The 2016 Award Recipient
Dr. Terry Flowers
The Maguire Ethics Center was delighted to award Dr. Terry Flowers, Headmaster and Executive Director of St. Phillip's School and Community Center, the 2016 J. Erik Jonsson Ethics Award.
For over 30 years, Dr. Flowers has worked with quiet humility to transform a small Episcopal school in one of Dallas’ most struggling neighborhoods into a thriving private school and community center “with a rich reputation for educating children to be confident, morally strong, intelligent, and caring leaders.”
Terry J. Flowers, Ph.D., has served as Headmaster and Executive Director of St. Philip’s School and Community Center since 1983. Flowers grew up on Chicago’s South Side, ultimately finding a calling to work with young children. He earned a bachelor’s degree in Elementary Education from Upper Iowa University before pursuing graduate education. Flowers holds three Master’s degrees: Early Childhood Education (University of Northern Iowa), Curriculum, and Instruction and Educational Administration (Columbia University). He has taught school in Iowa, Chicago and Harlem, New York. He completed his doctorate in Education at the Teacher’s College of Columbia University in 1995.
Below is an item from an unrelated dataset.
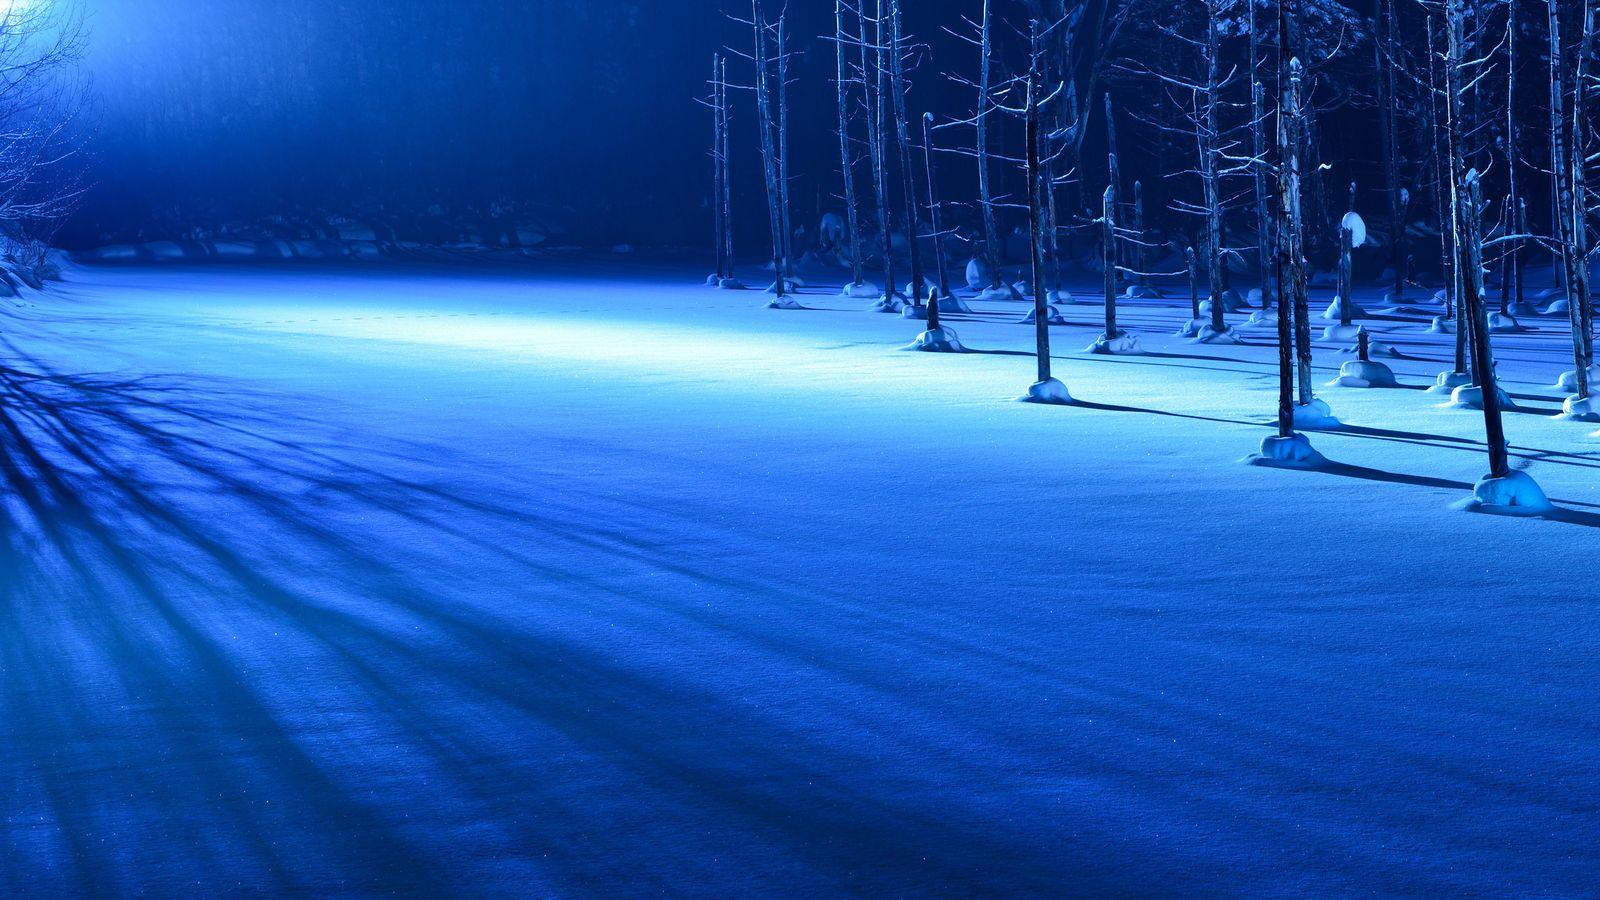 Macの壁紙にもなった 北海道 青い池 は誰もが息をのむ美しさ Retrip リトリップ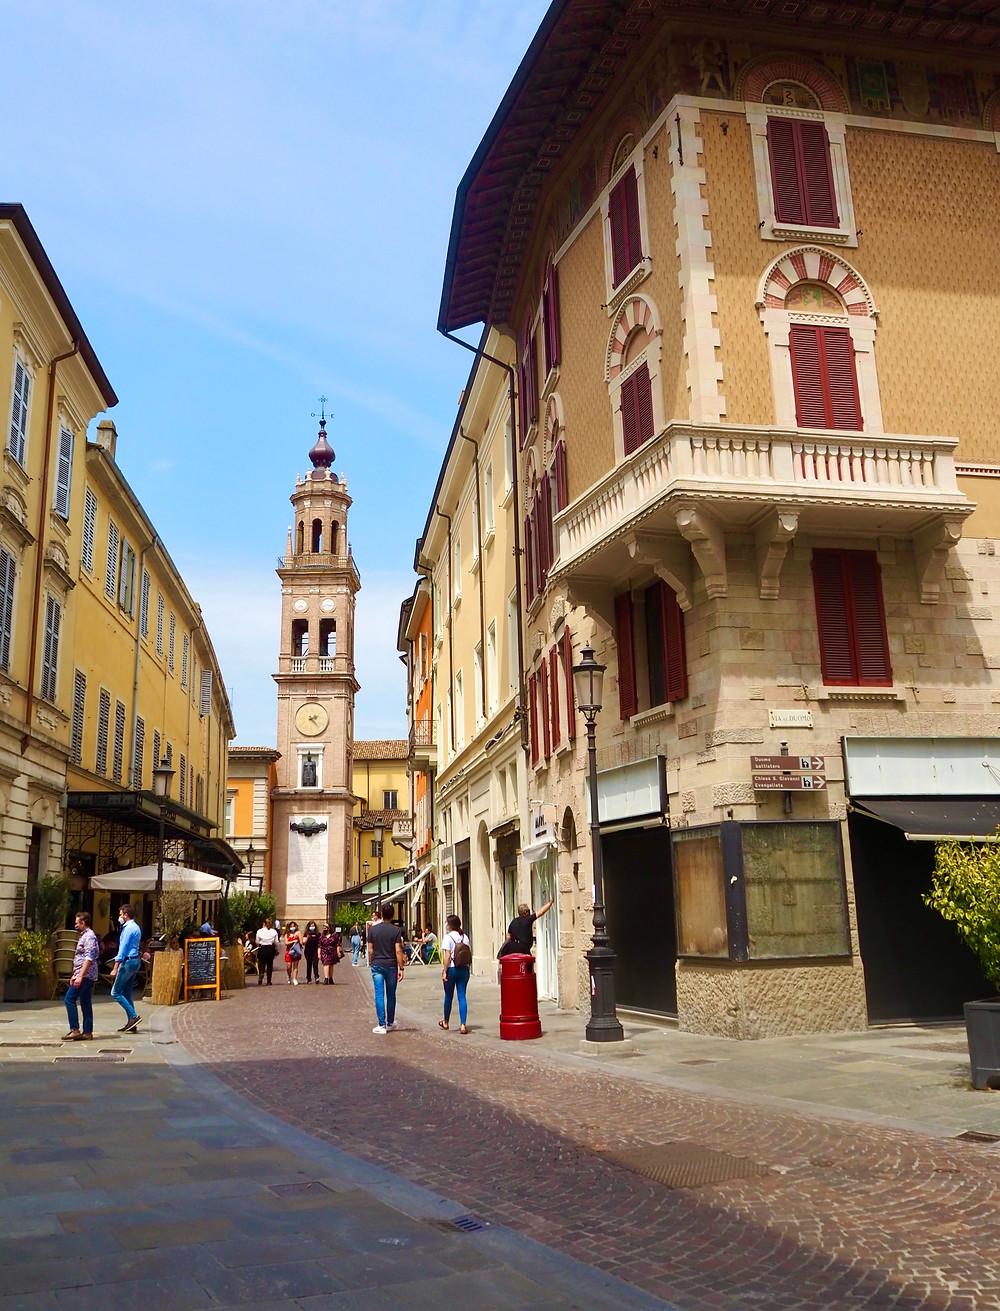 parma-italy-city-center-1

Two decades ago, St. Philip's School and Community Center was a struggling private school in the middle of the highest crime neighborhood in the city. Boarded up or dilapidated apartments in the neighborhood were open havens for drug dealers and users. To some observers, it seemed folly that the school would embark on the construction of a new playground and try to develop a community garden area on its grounds. It may well have been, if its director, Terry Flowers, had not met with many of the neighborhood's residents and told them that they, too, had a stake in this community and needed to ensure that this was a haven for the children who wanted to learn there. And to the surprise of everyone but Flowers, the neighborhood residents responded. Now St. Philip's is one of the city's better private schools.
"Our kids leave here and go on to some of the most prestigious schools in North Dallas," Flowers says. "We did a study of our graduates, and we had no high school dropouts--they were all in college or college bound. I see results in everything we do with the students and the neighborhood."
The mission of St. Philip’s School and Community Center is to provide an excellent school and compatible community services to children, their families, and other residents of southern Dallas, and in doing so, to develop mutual community involvement. The facility serves as a private, non-denominational Pre-K-6th grade elementary school, community center, food pantry, Meals on Wheels depot and athletic complex. For over 30 years, St. Philip’s has provided preventative programs to children and their families and worked to improve the community in which they live. St. Philips' enrollment includes children from across the economic spectrum. Flowers said some families can afford to pay tuition in one lump sum while others receive scholarships. Sixty percent of the school's students live outside South Dallas, he said. St. Philip's has an enrollment of 235, and nearly 1,000 use its community center, Flowers said.
Flowers never shies away from exposing students to positive new opportunities. He sees the promise of a better future in the eyes of more than 200 African-American and Hispanic students who learn in his classrooms and take advantage of the center’s after-school offerings, such as athletic programs, hot meals and experiments in free enterprise.
The 2016 J. Erik Jonsson Ethics Award luncheon was held on Wednesday, March 23 from 12:00 - 1:30 pm at the Belo Mansion and Pavilion in Dallas.